With Netflix on board, launches in Canada this fall, it is a very interesting option.

We already love our ATV but with Netflix we will say goodbye to commercials forever! yay!

And it won't break the bank to have one in the bedroom as well.


----------



## Elric (Jul 30, 2005)

I think I'm going to preorder mine today actually, I like the idea of streaming to and from my other idevices.

Not to mention 99 cent episodes, even if I watch 90 shows in a month (in reality will be around 20), it's still cheaper than digital cable... with no commercials. And no "to watch that show, you need this channel, to get that channel you need this bundle..." screw that.


----------



## Dammacx (May 22, 2006)

For $100 I think it is great for what it is designed for and I would get one if I didn't already have a Xbox and My Computer a few feet from my main TV anyways. But as a simple way to bring all your computer content to your TV I think it is great. For people who want more they already have a computer or other device hooked up. But for many people this is a great solution. Also the main purpose of this device is for you to easily get your iTunes content to your big screen.The easier they make it for people to do that the more they (people) will consume and the more money they (Apple - and their partners) will make. 

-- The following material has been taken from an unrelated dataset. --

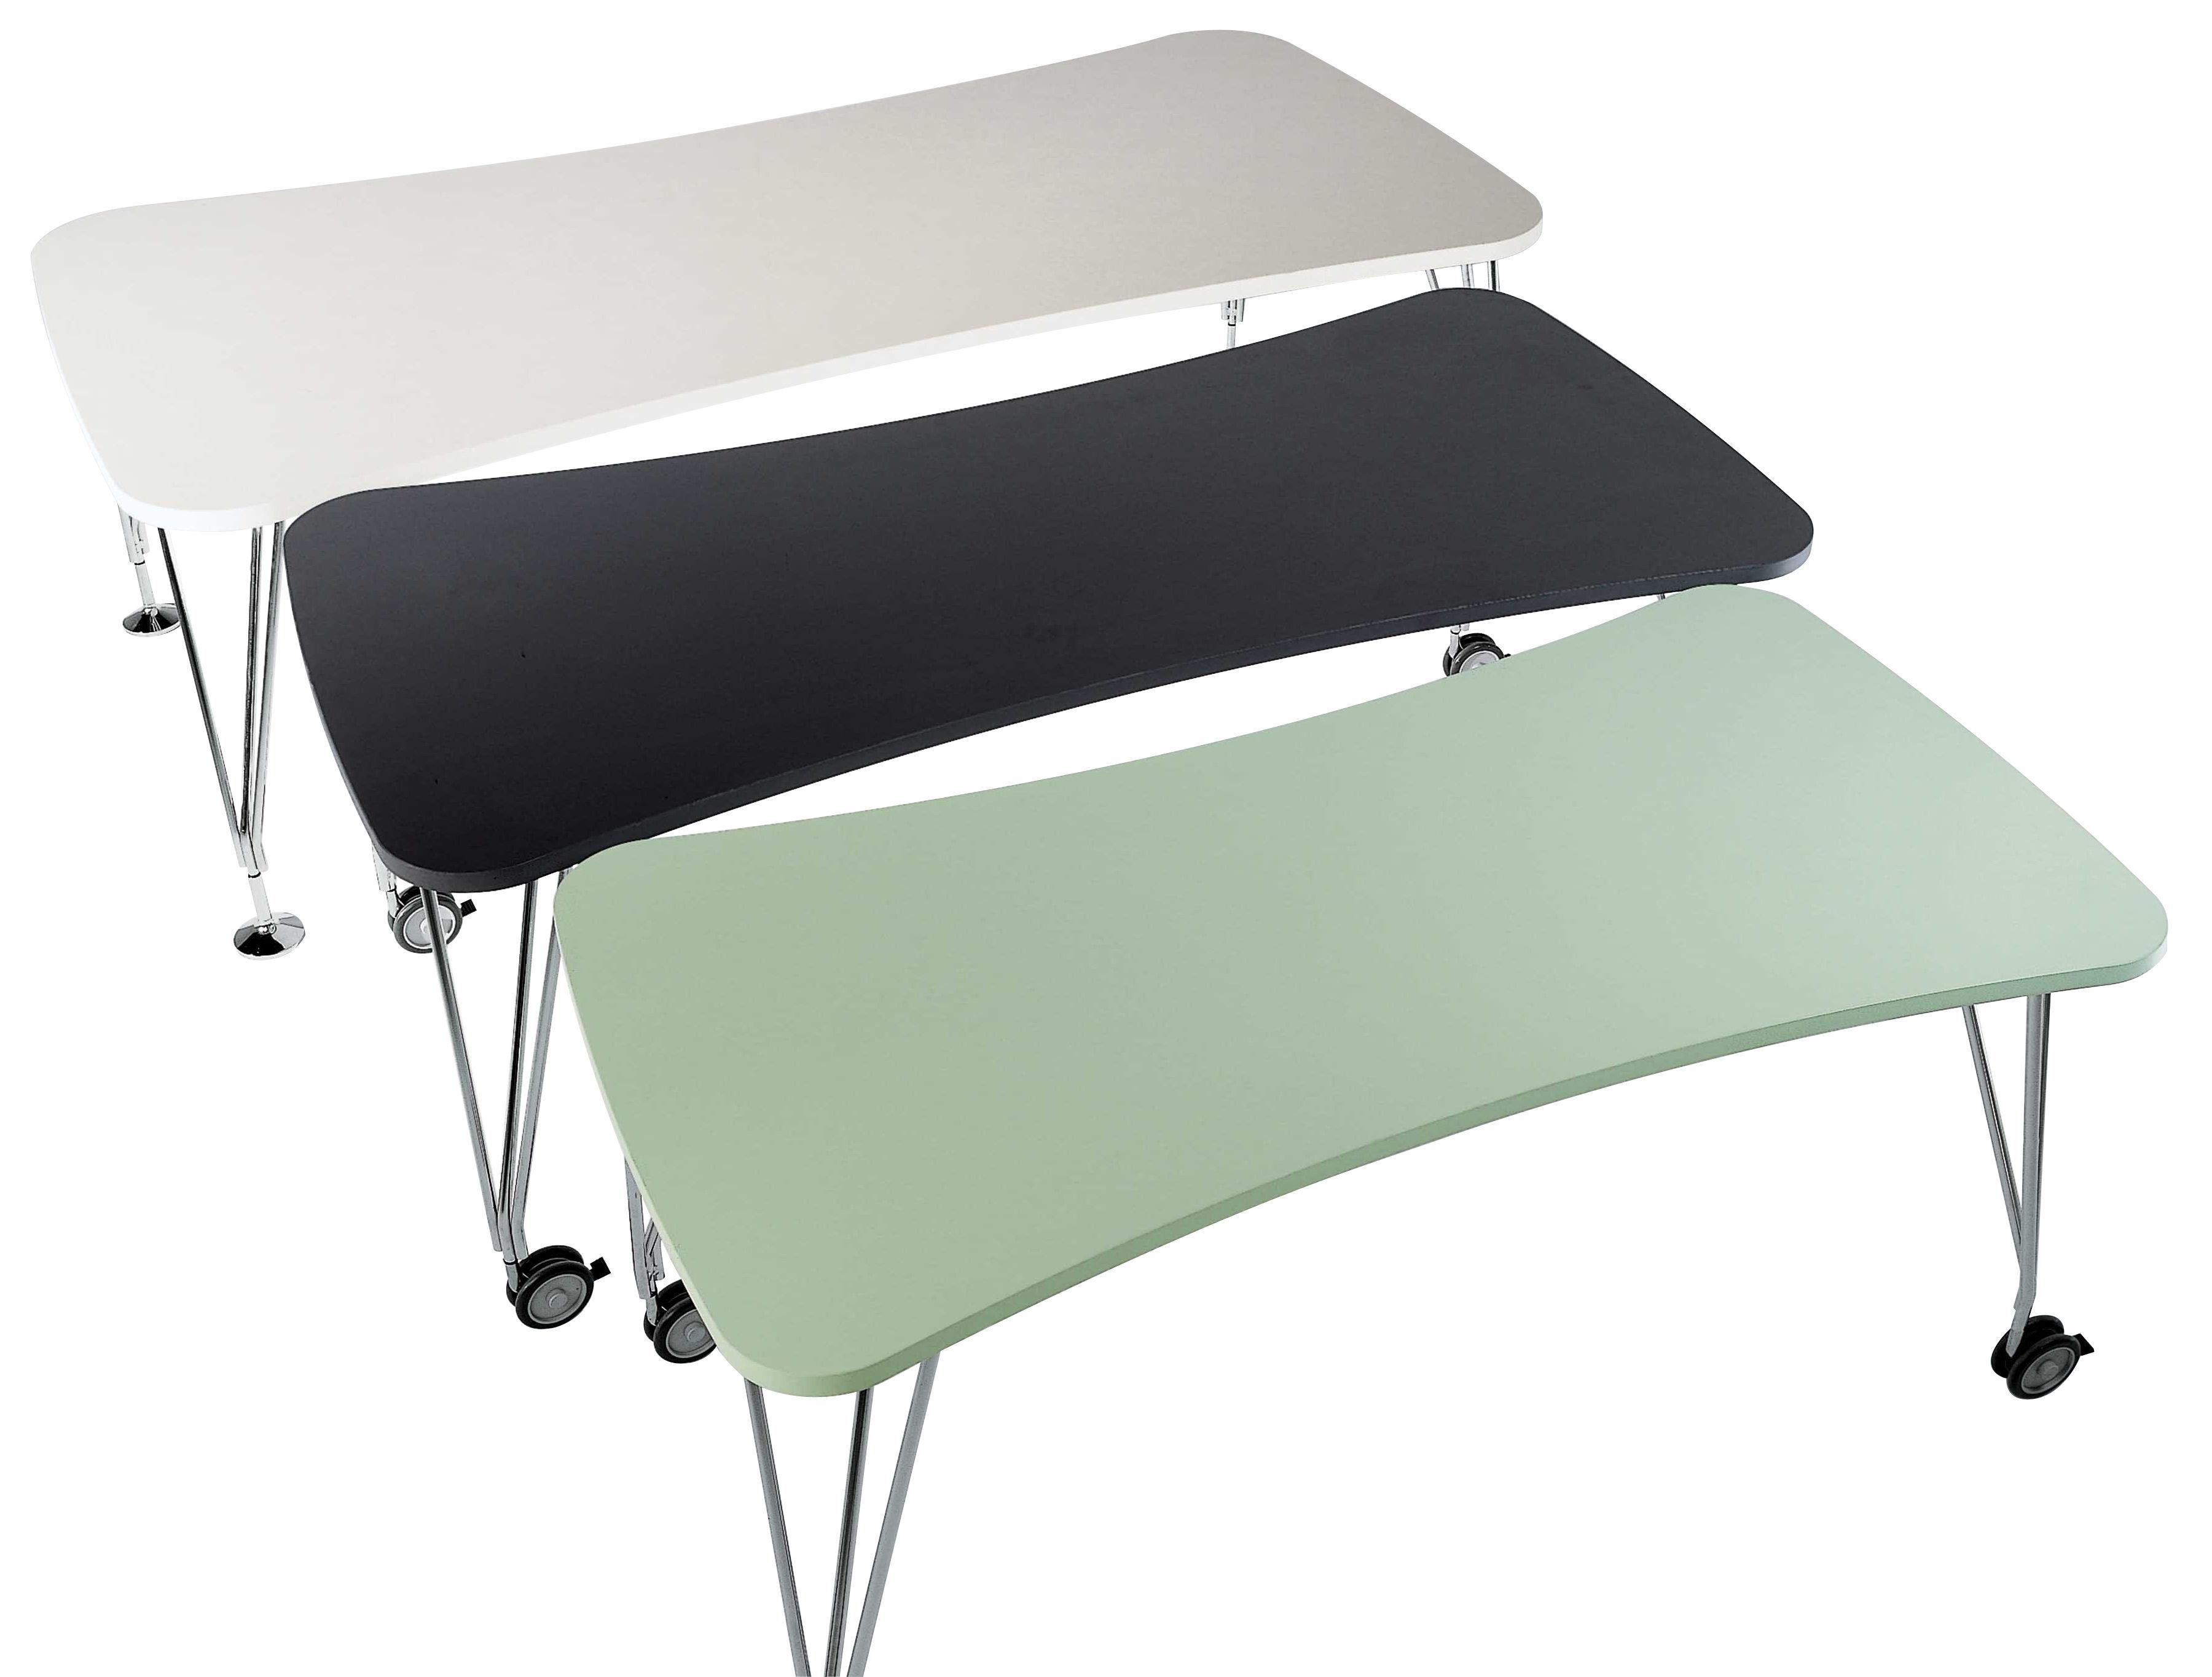 Möbel - Möbel für Teens - Max rechteckiger Tisch mit Füßen - 160 cm - Kartell - Schiefer 160 cm - Laminat, verchromter Stahl

I just wonder when they will finally rename iTunes to iMedia or something similar. iTunes has been more than a tunes player for a long time - they should have taken the opportunity with version 10 and the big release of the new Apple TV to jump on a new name so it (the name) makes more sense.


----------



## andreww (Nov 20, 2002)

Apple's cost to rent a first run HD movie seems to be several dollars cheaper than Rogers in demand, so I could see picking one up at some point. It may not get used much, but I can see the youtube function being used quite a bit.


----------



## jrichardson (Mar 9, 2007)

I like to watch TED talks on my ATV but I'm thinkingof picking up the new ATV, just for fun.


----------



## Guest (Sep 2, 2010)

I don't see myself picking one up. I hate the whole iTunes lockin personally. You can only buy content from iTunes and you can only stream video from iTunes. I don't use iTunes for video management or playback ... it's honestly not well designed for video at all and only being able to stream to the apple TV from iTunes pretty much kills it's usefulness to me. I run Plex on my mac mini's here and am very happy with it.


----------



## Rps (May 2, 2009)

jrichardson said:


> I like to watch TED talks on my ATV but I'm thinkingof picking up the new ATV, just for fun.

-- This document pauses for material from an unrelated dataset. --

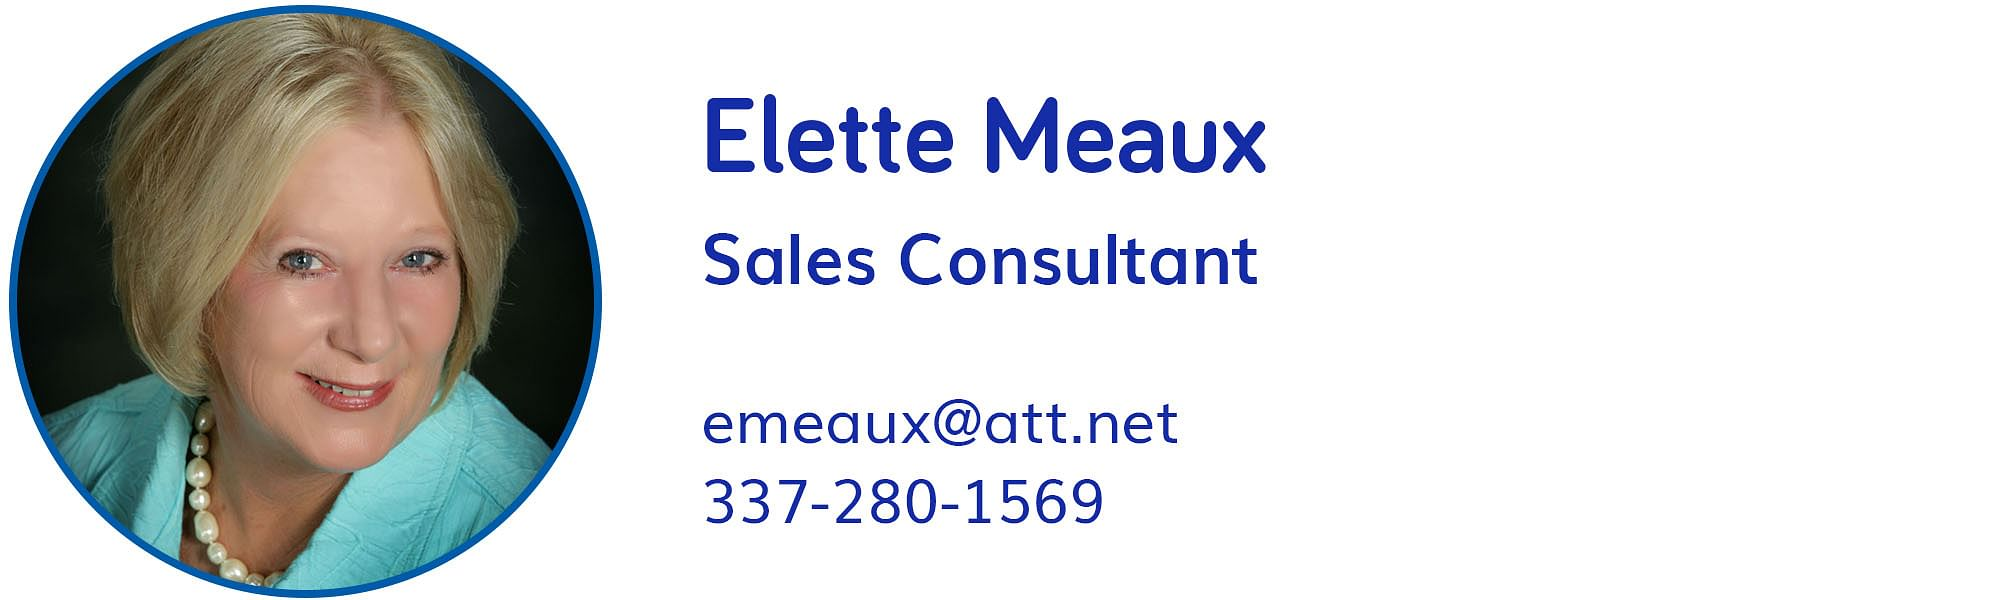 Elette Meaux, emeaux@att.net, 337-280-1569

Say, i like to watch TED TALKS as well. I'm thinking of getting an Apple TV unit, how would that work.


----------



## DavidH (Jan 4, 2009)

I am going to take a "wait & see" approach due to the fairly restricted amount of TV content that is going to be available.
You heard Steve's "jab" at the networks saying something to the effect "until the others see the light".

I think the new device is definitely on the right track, I just wish the content providers would "come around" to looking at new business models.
At the end of the day, Steve's new device is only as good as the content available from the media producers.

I still may get one just to get my computer content to the TV e.g. photos, home movies, video podcasts, music etc.

DavidH


----------



## Elric (Jul 30, 2005)

mguertin said:


> I don't see myself picking one up. I hate the whole iTunes lockin personally. You can only buy content from iTunes and you can only stream video from iTunes. I don't use iTunes for video management or playback ... it's honestly not well designed for video at all and only being able to stream to the apple TV from iTunes pretty much kills it's usefulness to me. I run Plex on my mac mini's here and am very happy with it.


Yeah, I'm on the other fence, I have tried all the "other" media players, most do something really well, but none do everything like iTunes. I'm quite happy with iTunes features, and Ping is actually a really nice concept, but they need to add some more features. Like last.fm's database of what I've listened to and currently listening to. Allow Indie bands to have access to be followed as well, like "official" artists


----------



## Rps (May 2, 2009)

Okay, so I'm interested in Apple TV, so here is the question. They have some older models on the Apple site for $169 or is the newer one better. Thoughts......


----------



## Guest (Sep 2, 2010)

Elric said:


> Yeah, I'm on the other fence, I have tried all the "other" media players, most do something really well, but none do everything like iTunes. I'm quite happy with iTunes features, and Ping is actually a really nice concept, but they need to add some more features. Like last.fm's database of what I've listened to and currently listening to. Allow Indie bands to have access to be followed as well, like "official" artists


iTunes is good for playing music  but for video playback for me it falls very much short. Each to their own I suppose. Ping is interesting, but at this point it seems like it's just a big upsell to get users to buy more music from the ITMS.


----------



## cap10subtext (Oct 13, 2005)

I don't know if it's the size of it or the price or what but I'm actually psyched about the new Apple TV. Not something I ever even considered before.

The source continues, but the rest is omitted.